Когда стемнело, он дошел до блошиного рынка на Дапперстраат. Уже закрывали киоски и будки с подозрительным товаром, но он еще успел в будке с театральными аксессуарами купить фальшивую бороду, усы и клей. Купил и непромокаемый плащ, шляпу и достаточно хороший чемодан. Потом зашел в общественный туалет, приклеил бороду и усы, надел плащ, на голову надвинул шляпу. С чемоданом в руке встал в воротах напротив двухэтажного дома с двумя большими окнами на первом этаже и виднеющимися сквозь них велосипедами. Магазин работал, витрины были освещены, только окна всего второго этажа были темными. Он с облегчением вздохнул и посмотрел на часы: без малого пять, в шесть Иветт закрывала магазин. Нужно ждать. Терпеливо. А он умел это делать.

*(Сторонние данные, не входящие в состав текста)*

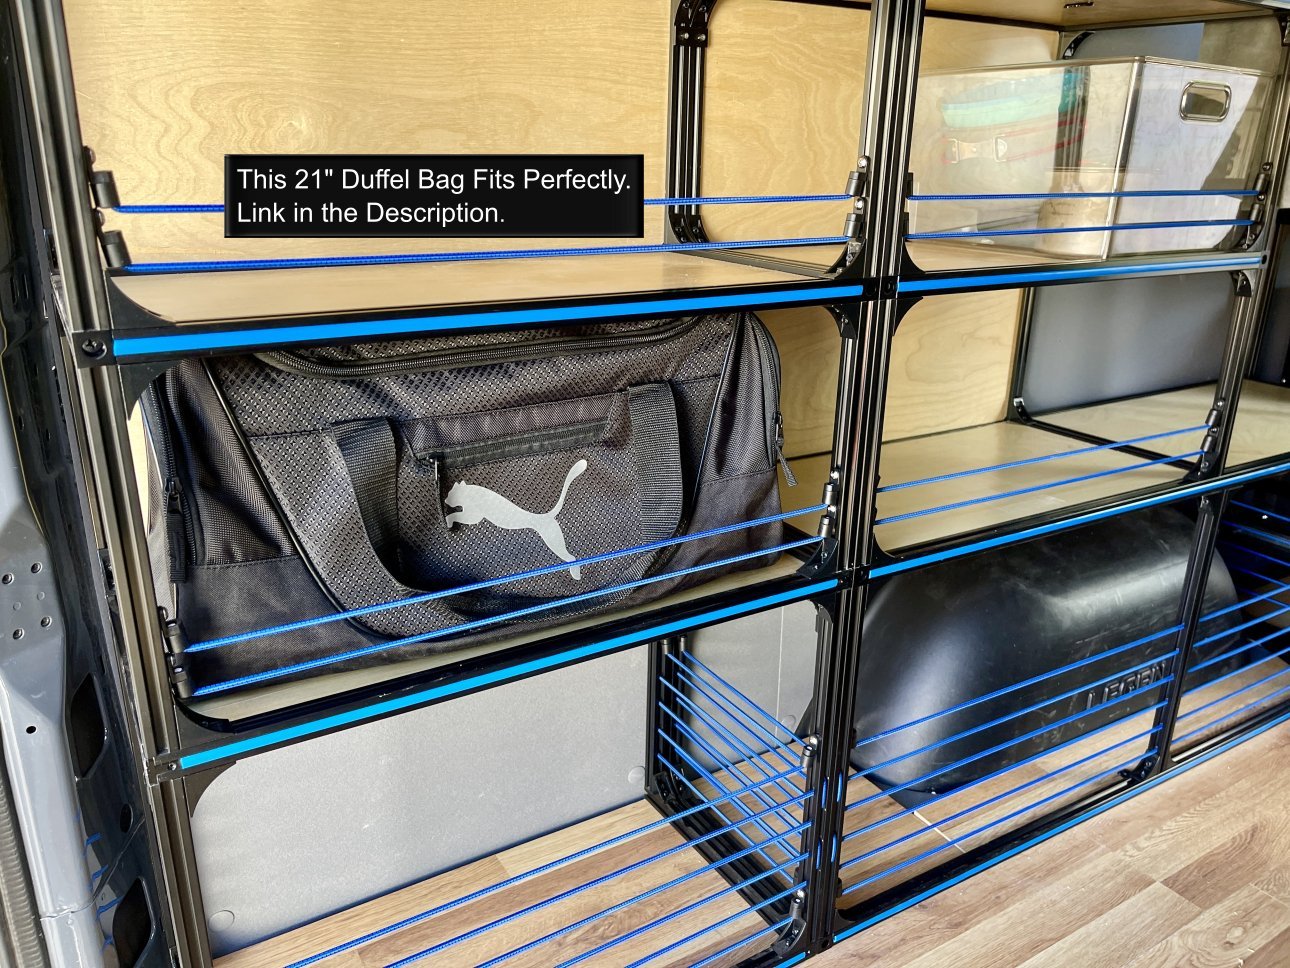 camper van shelving cabinets with duffel bag, front view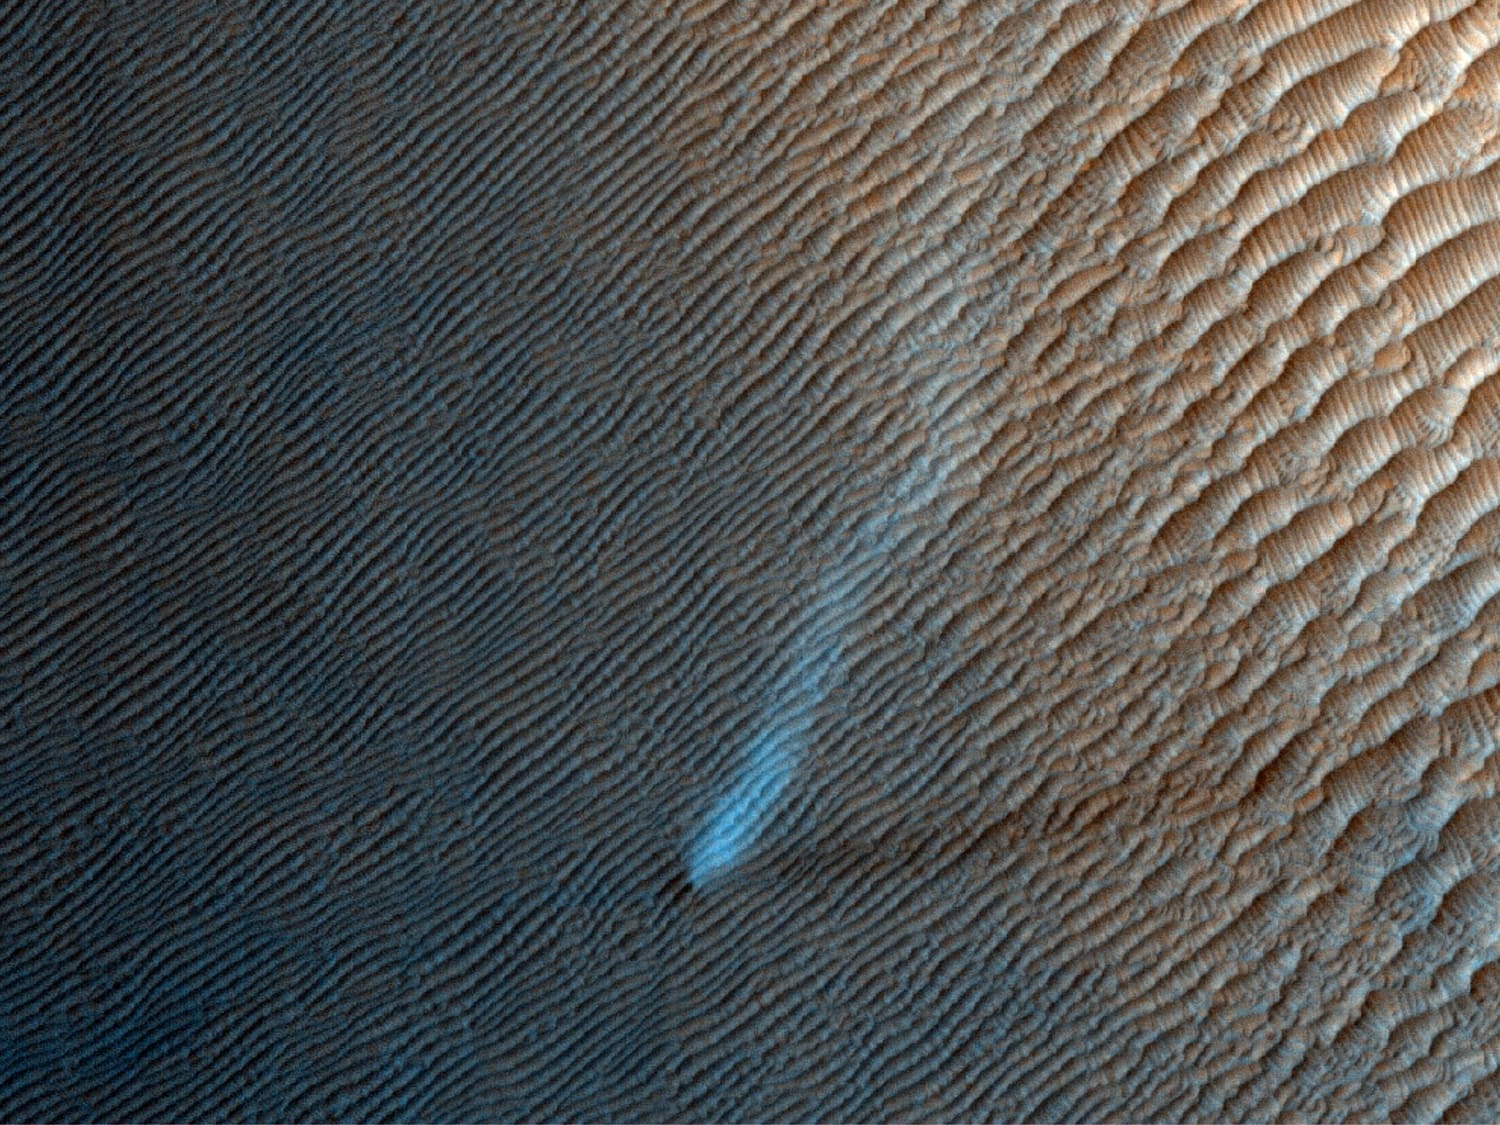 HiRISE image of a whirling Dust Devil

Он не хотел снова совершить ошибку. Да, это было непростительно, что когда он нашел останки Бундера, то вместо того, чтобы удрать той же дорогой через одичавший сад, попросту вышел из парадной двери. Повел себя как любитель, словно впервые в жизни ему доверили важное задание. В самом ли деле в нем сработало подсознание невиновного человека? Им руководил рефлекс, вызванный чувством, что если это не он убил Бундера, то мог не только уйти с места преступления дорогой честного человека, но и позвонить в полицию. На мгновение он забыл, что в его профессии никогда нельзя быть невиновным или даже-в общепринятом смысле этого слова-честным. Убил или не убил, и так бы его арестовали. Если не за убийство, то за что-нибудь другое, потому что он был знаком с Бундером и встречался с ним. Уже сам факт, что он вошел на виллу через сад, делал его подозрительным. Кристофер Баллоу не должен выходить через парадный вход, однако сделал это. Почему? Потому что через парадный вход вышел с виллы не Кристофер Баллоу, а Юзеф Марын, невиновный и честный. Это была реакция, импульс, манера поведения именно Марына, человека, от которого он пробовал отцепиться, когда выходил из самолета, и даже думал, что ему это удалось. Только, видимо, не до конца. Это Кристофер Баллоу звонил из разных мест Иво Бундеру, но это Марын так странно отреагировал на смерть друга. Не дай Бог, если сейчас, на Дапперстраат, в воротах дома напротив магазина велосипедов, он хоть на секунду забудет, что существует только Баллоу, а никакой не Марын. В противном случае он никогда не достигнет цели, не останется свободным. Этим вечером он должен придушить в себе Марына, а может быть, даже убить его, уничтожить, лишить личности.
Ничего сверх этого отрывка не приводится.